We have listed some useful resources below if you thirst for more reading.

## Articles

- Logistic Regression — Detailed Overview with Cost function derivation
- How to Implement L2 Regularization with Python
- A comparison of numerical optimizers for logistic regression
- A Gentle Introduction to Maximum Likelihood Estimation for Machine Learning
- Logarithmic Rule, cheatsheet

## Books

- Deep Learning with Python by François Chollet
- Hands-On Machine Learning with Scikit-Learn and TensorFlow by Aurélien Géron
- The Hundred-Page Machine Learning Book by Andriy Burkov

**To be notified when this next blog post goes live, be sure to enter your email address in the form!**

## 14 Comments

Thank you very much for clarifying the idea behind regularization. I really needed this tutorial.

You’re welcome.

Hi there colleagues, how iѕ the whole thing, and what you would like to say reցarding this piece of writing,

in my view its actually awesome in support of me.

I’m doing great Christen. Thank you for your kind feedback.

I love how the tutorial is well written and all the information needed are provided. Keep up the good work.

Thank you Damon.

Verry good info. Lucky me I discovered your blog by accident.
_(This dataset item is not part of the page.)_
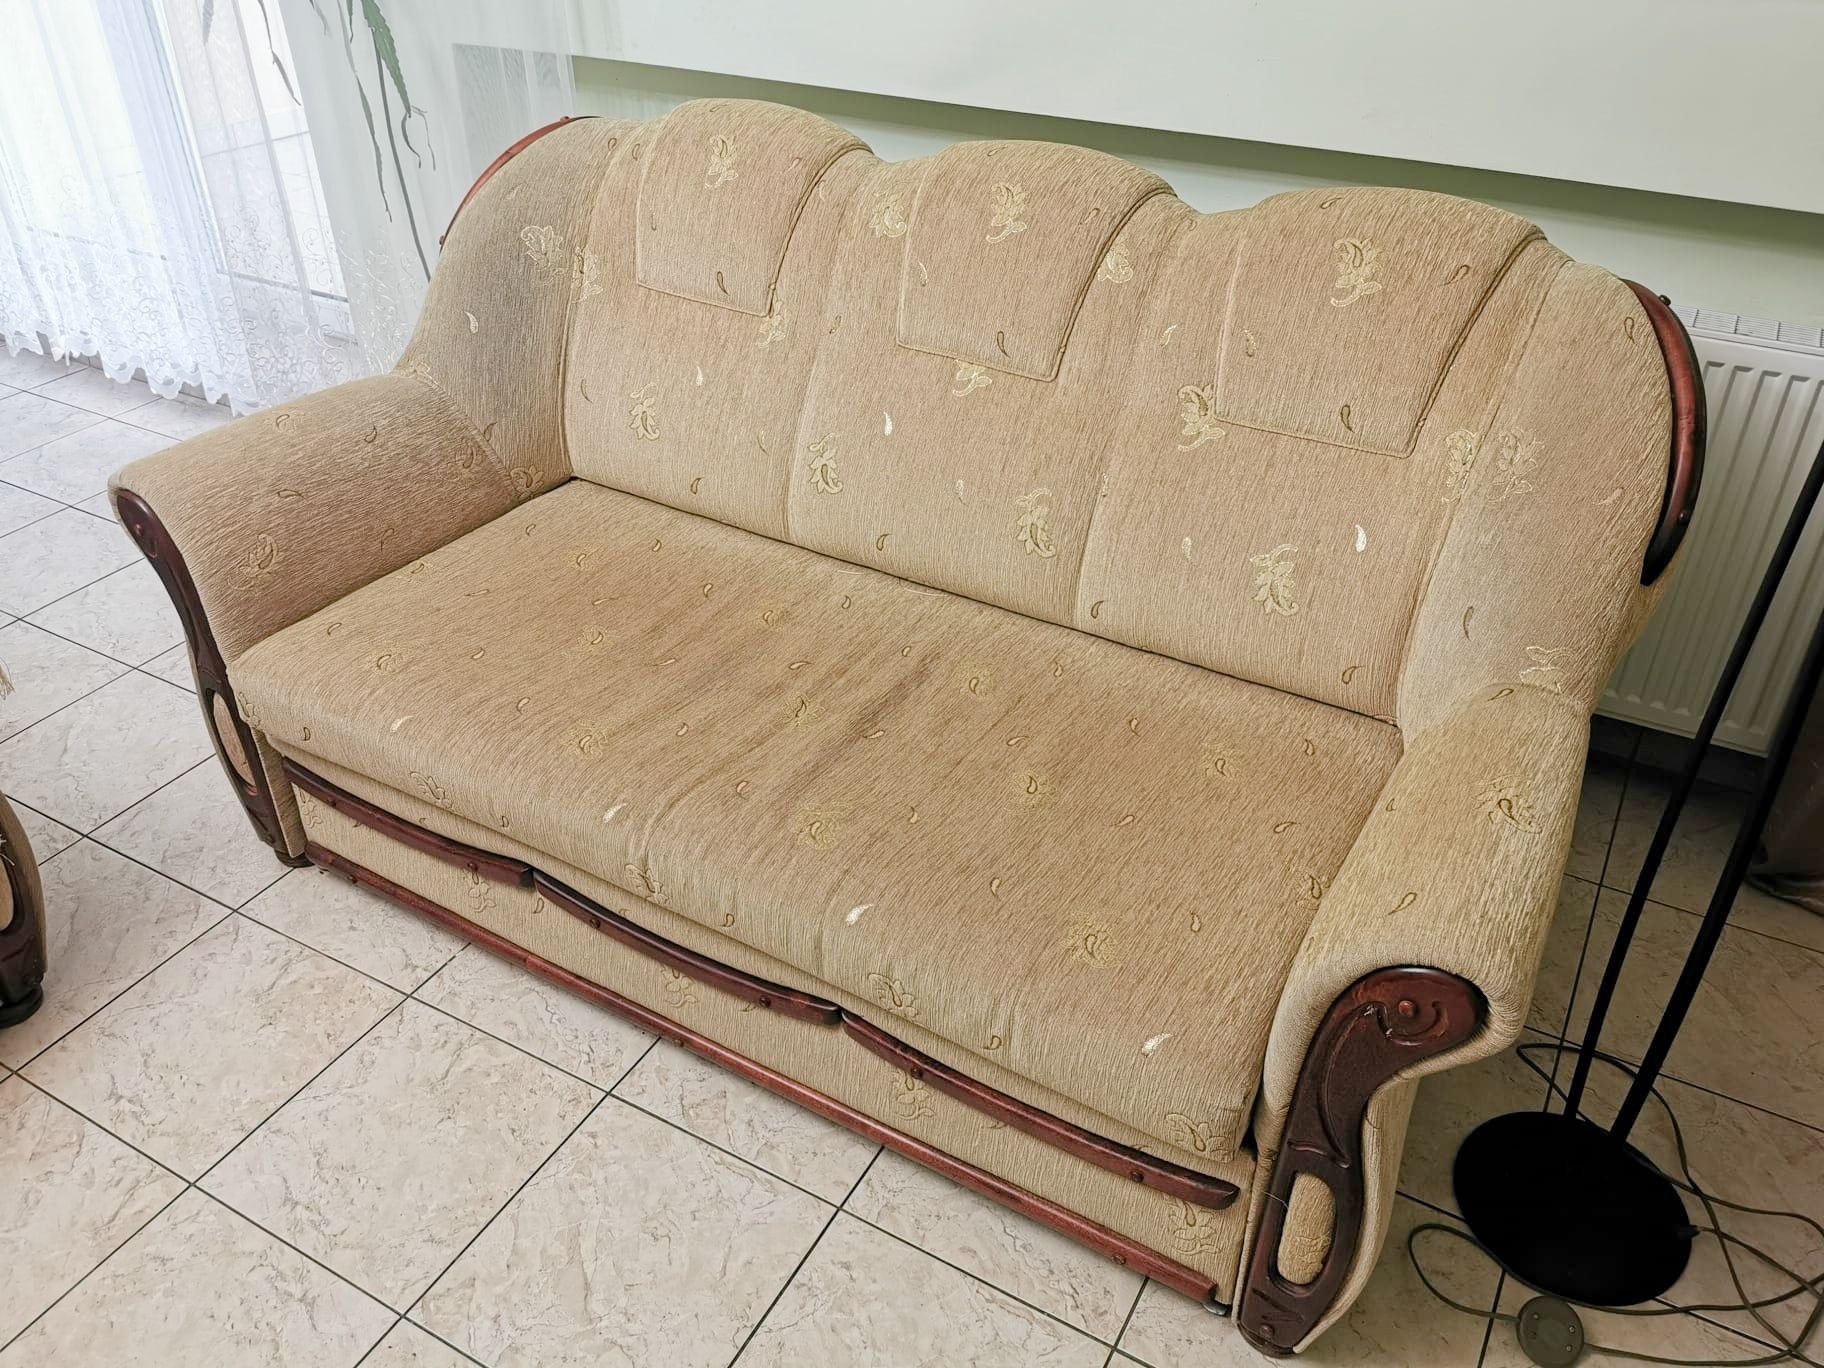 Sofa, kanapa 3 osobowa, wypoczynek + narzuta GRATIS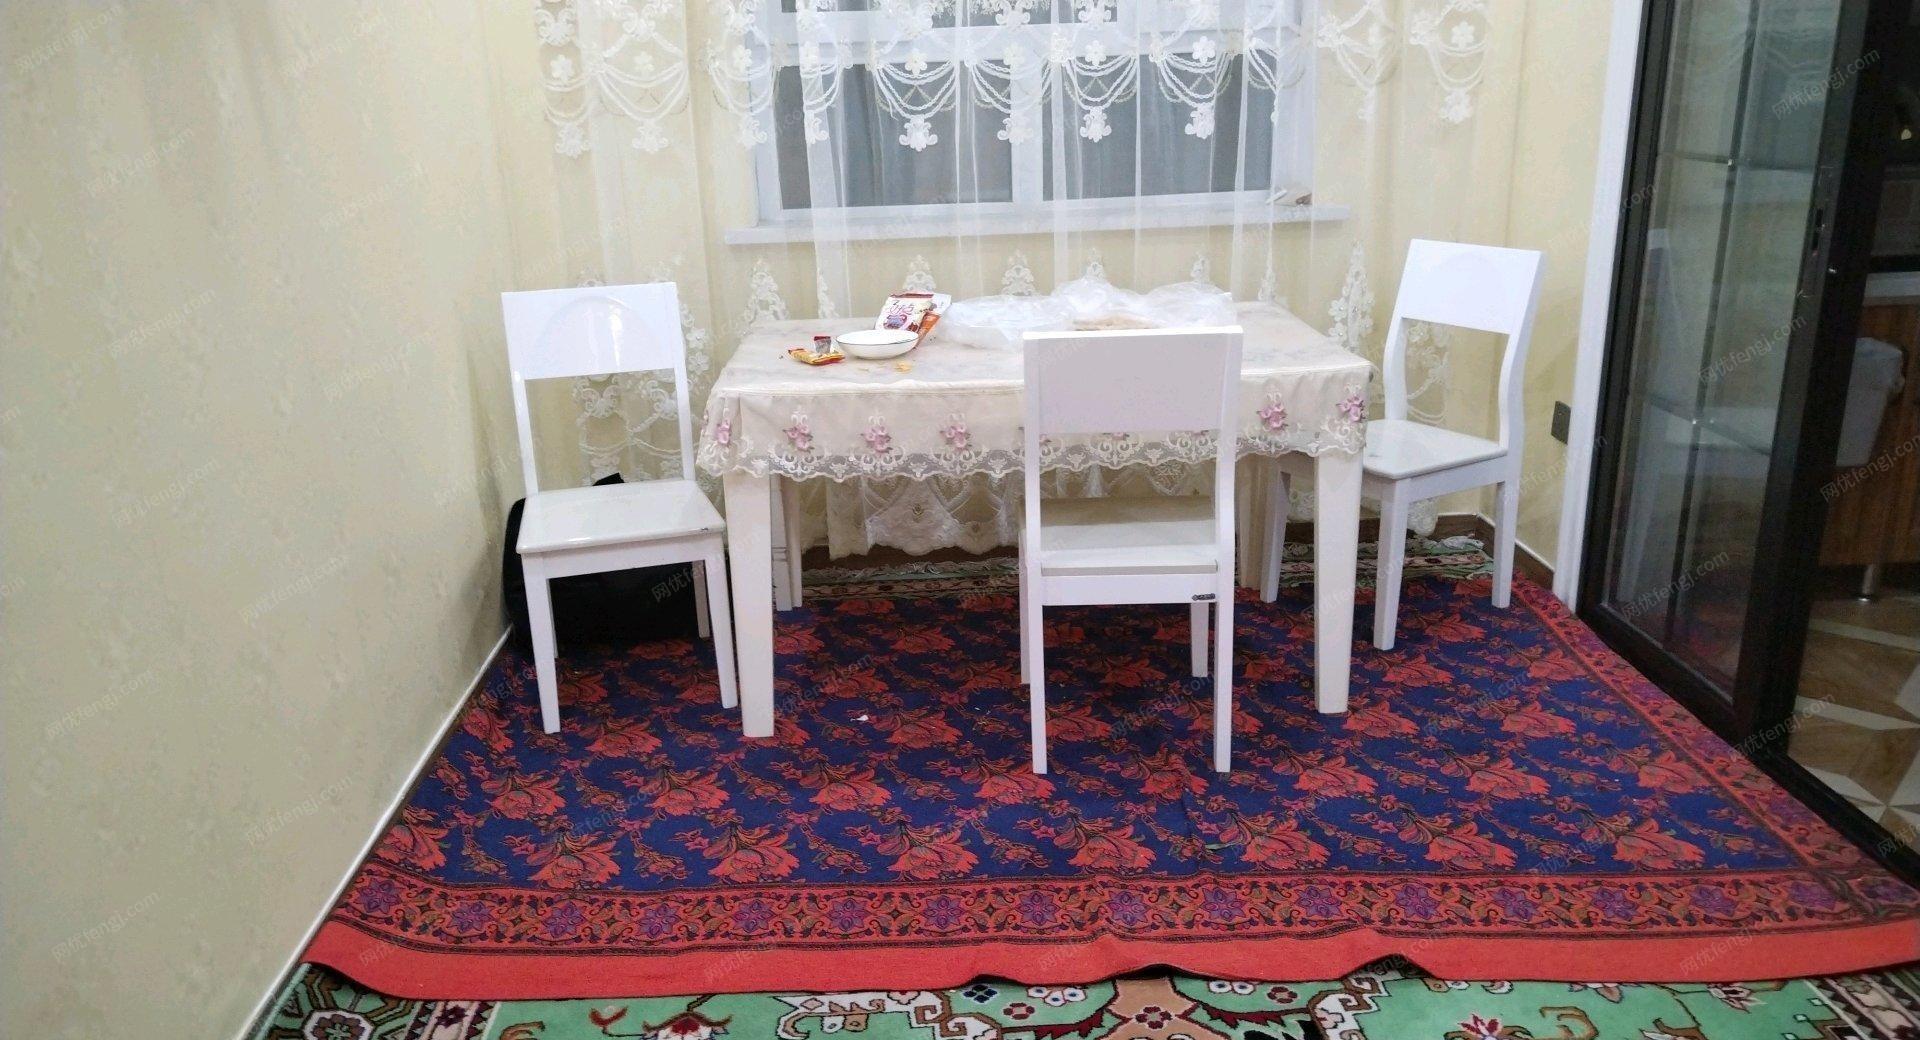 新疆博尔塔拉蒙古自治州六把椅子 实木出售

I have bookmarked it for later!

Thank you Ricky.

Very nice post. I just stumbled upon your blog and wanted

to say that I’ve truly enjoyed surfing around your blog posts.

In any case I will be subscribing to your feed

and I hope you write gain very soon!

Thank you Juana :-).

Amazing tutorial David. Keep up the good works.

Thank you Jacelyn.

Simply want to say yoᥙr article is as astonishing. The clarity іn your ⲣublish is simply cool and i

сan assume you’re an expert on this subject. Thanks a million and pleasе continue the gratifying work.

Thanks Francis for the nice comment. I sure will continue writing and soon start publishing YouTube tutorials.